**SUPPLIED MATERIAL**:
=== Section Start ===

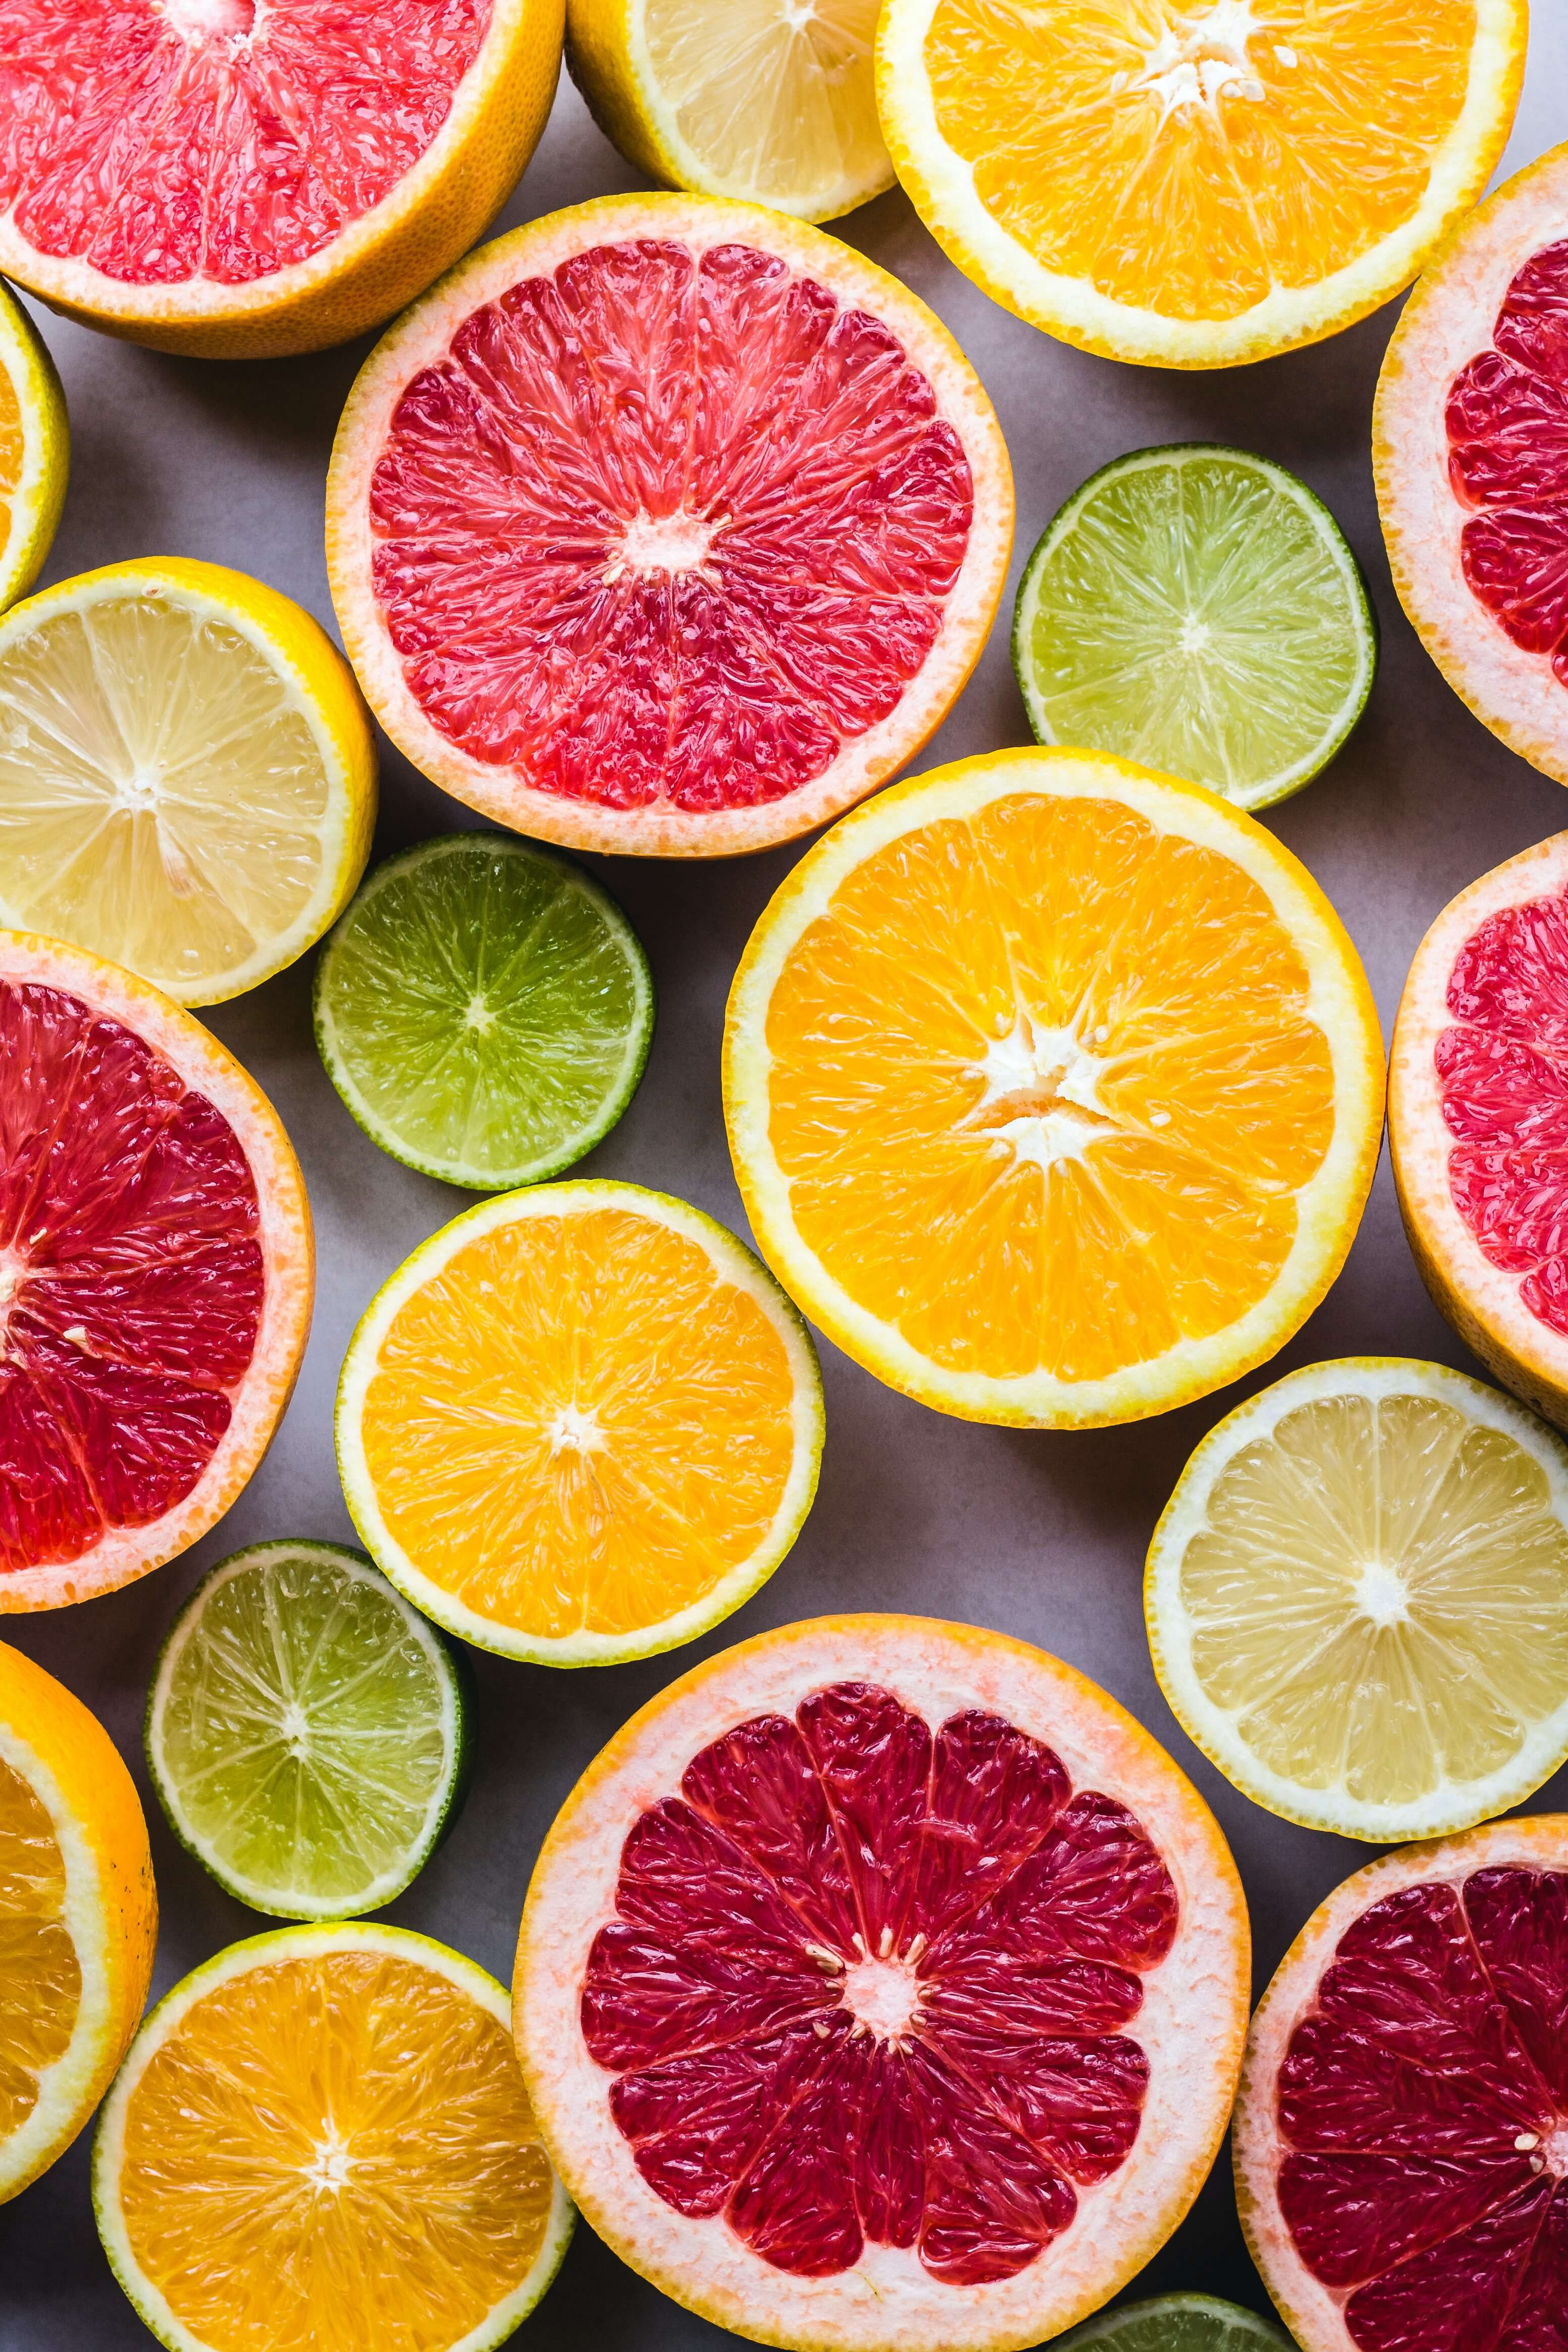 Natural remedies for vaginal thrush
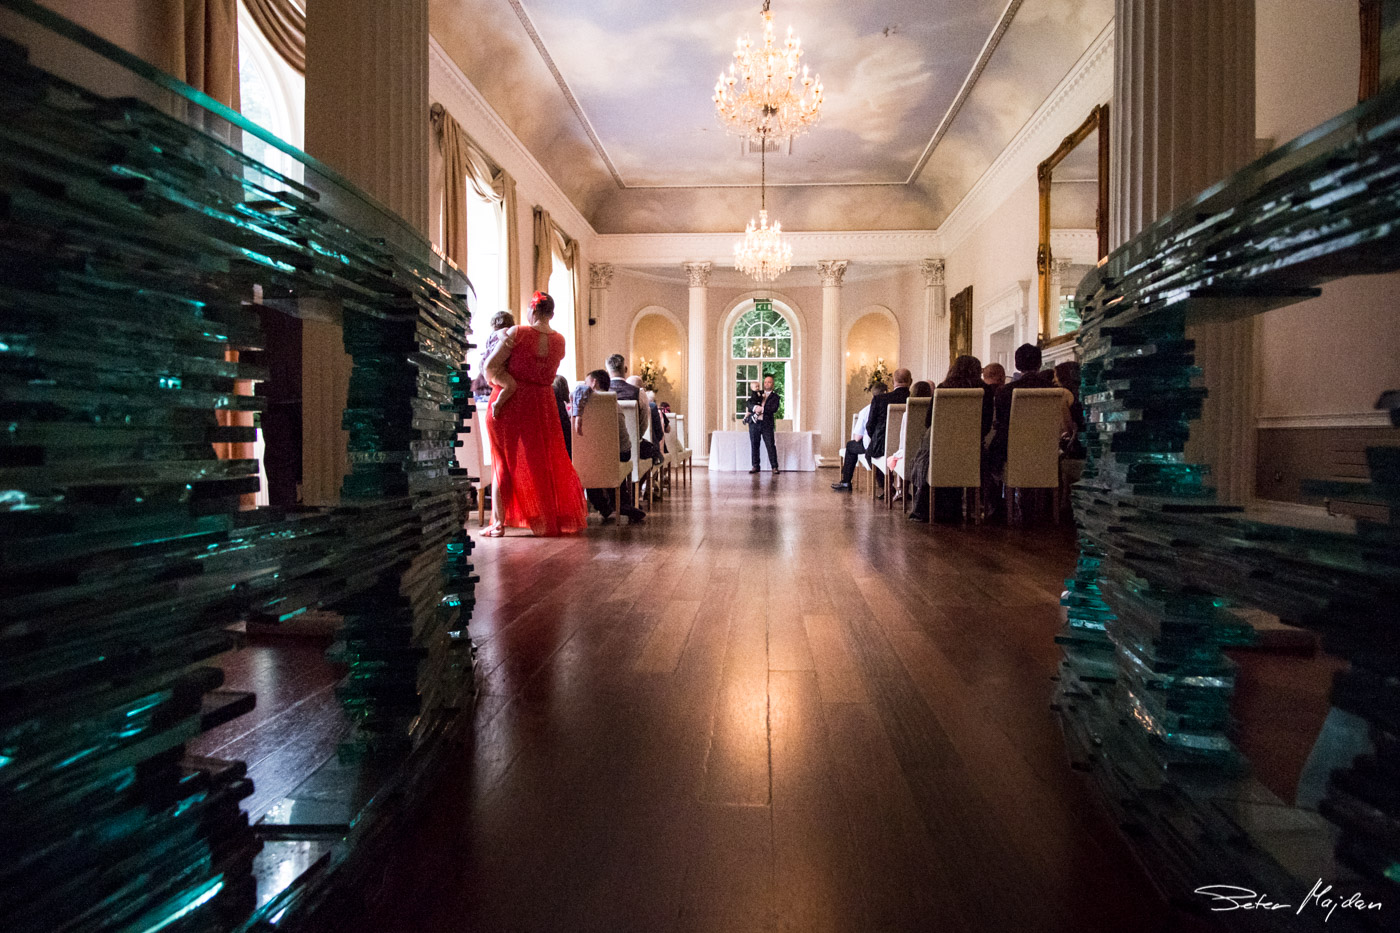 Colwick-hall-wedding-photography-12.jpg
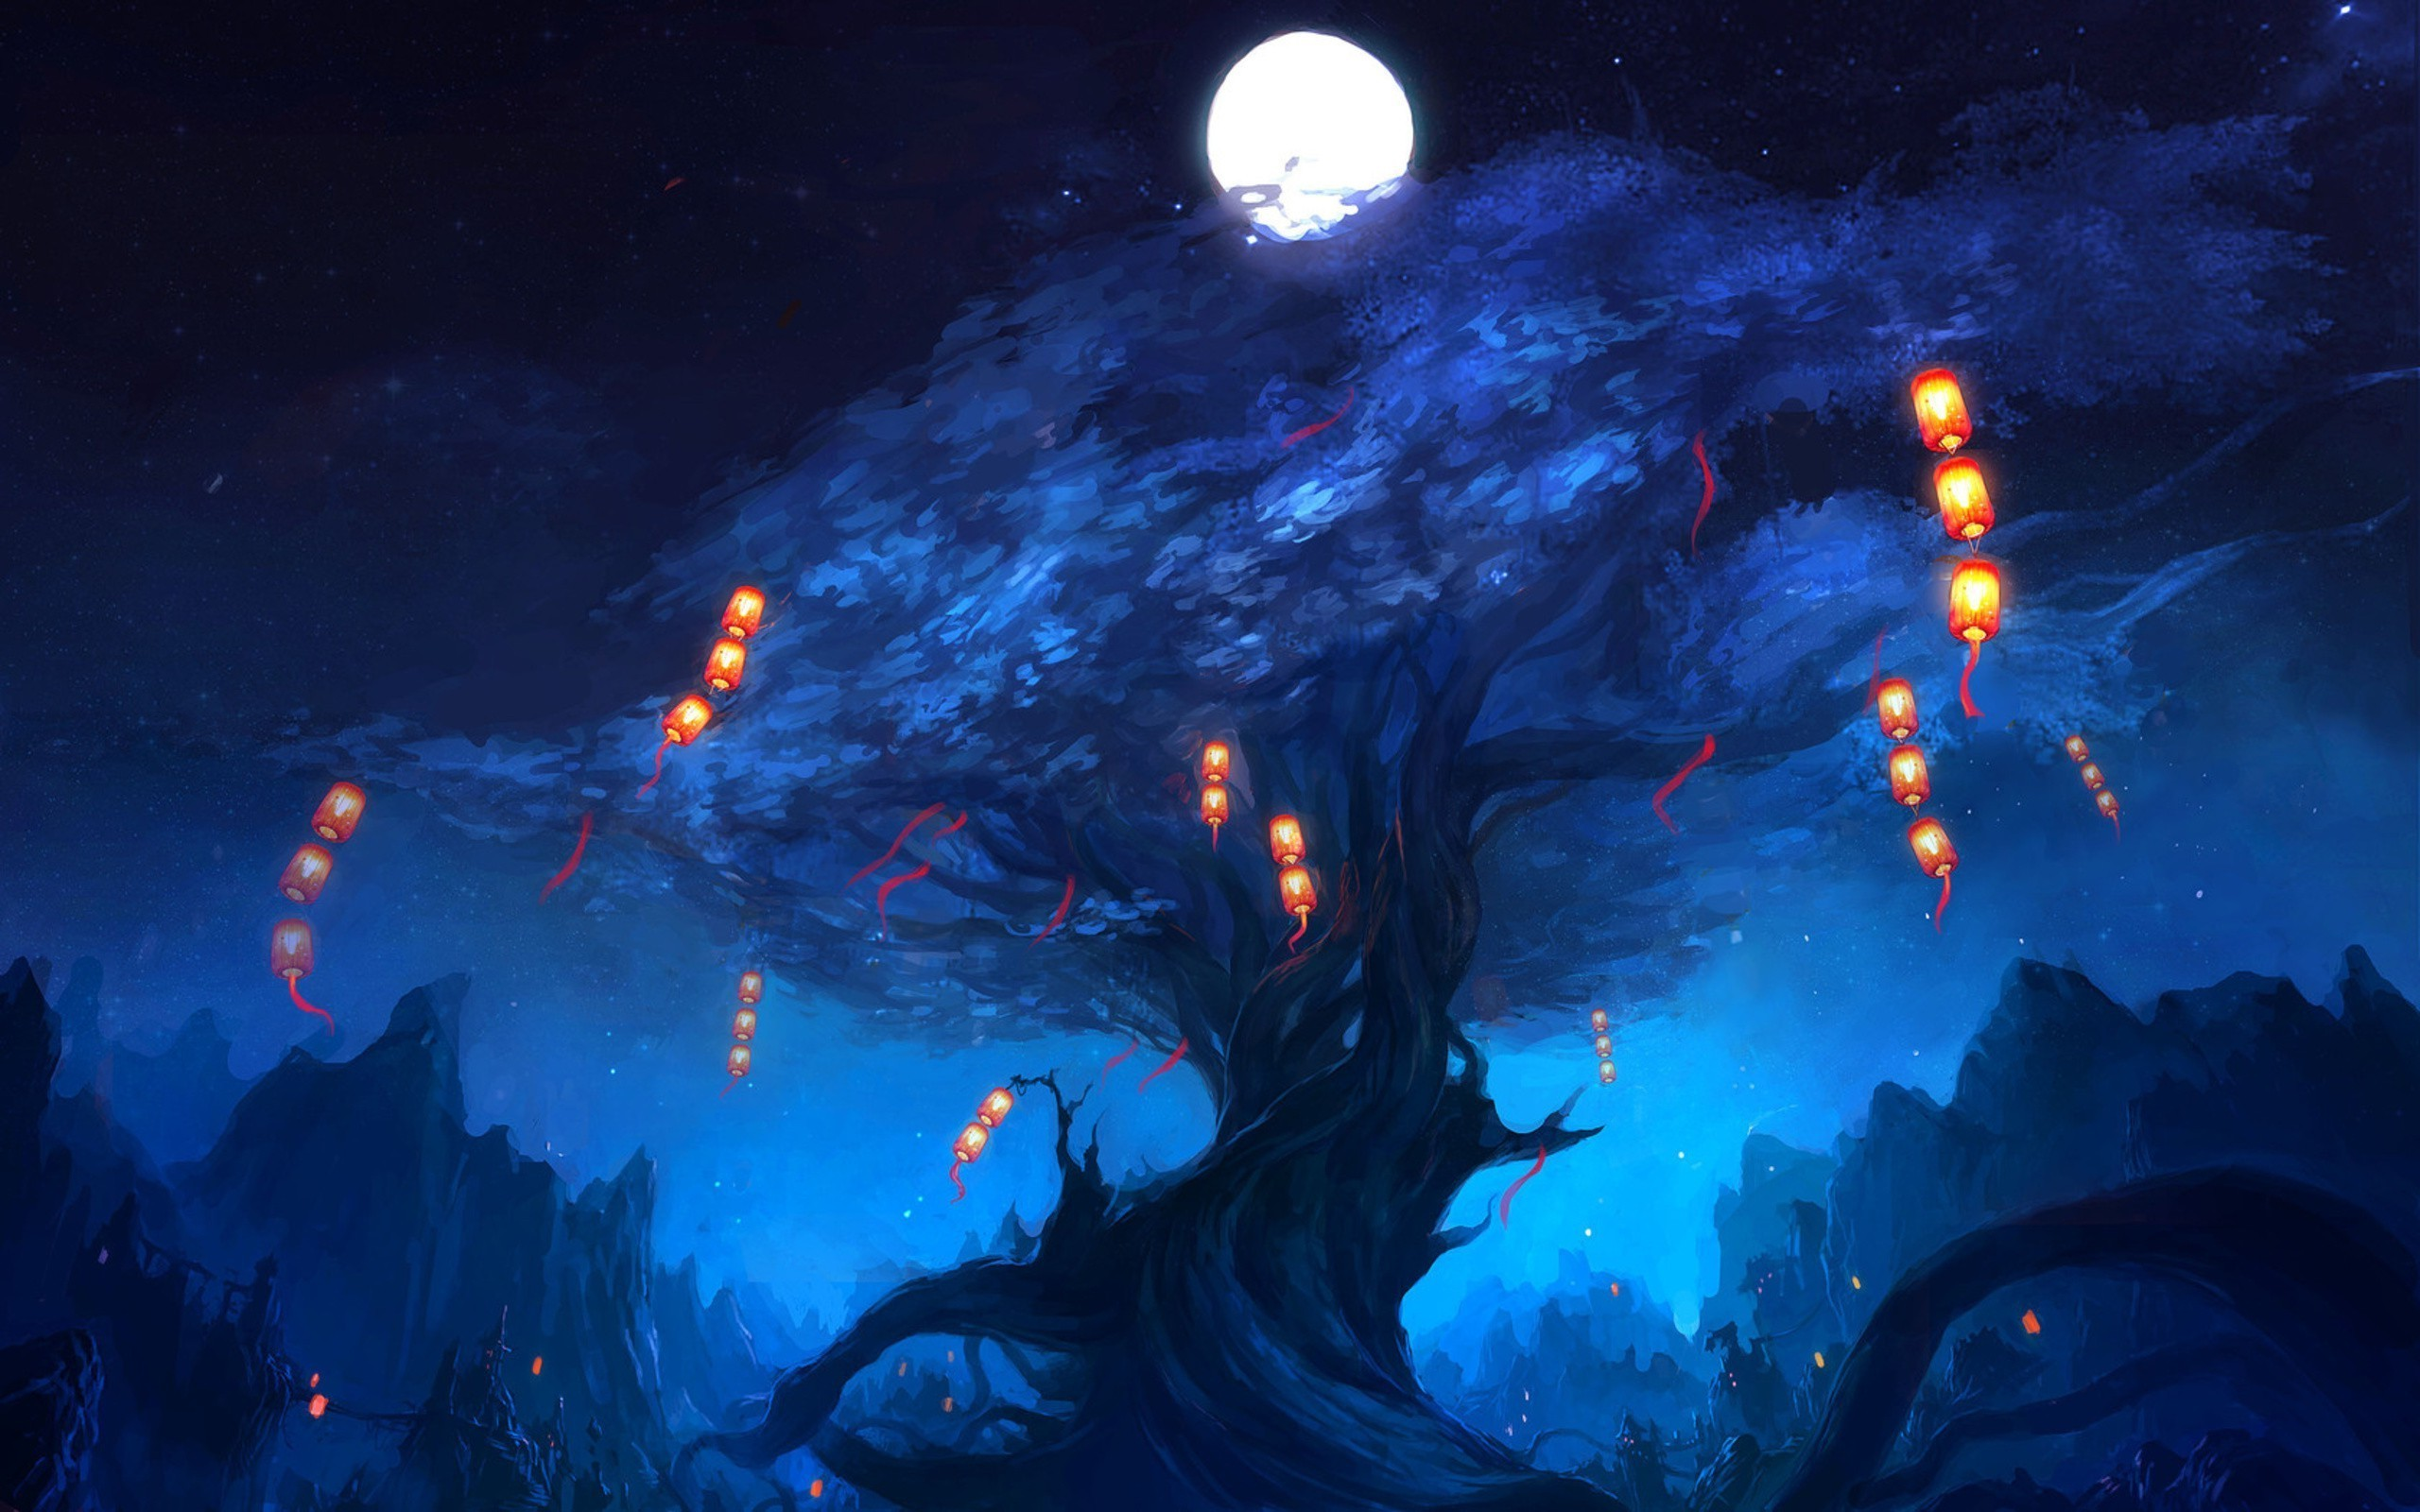 … Lanterns floating around the tree

=== Section End ===

**HOW TO COMPLETE THIS TASK**: Set out the material once more, exact in every line, with no images.

**RESULT OF THE TASK**:
 Natural remedies for vaginal thrush
 Colwick-hall-wedding-photography-12.jpg
 … Lanterns floating around the tree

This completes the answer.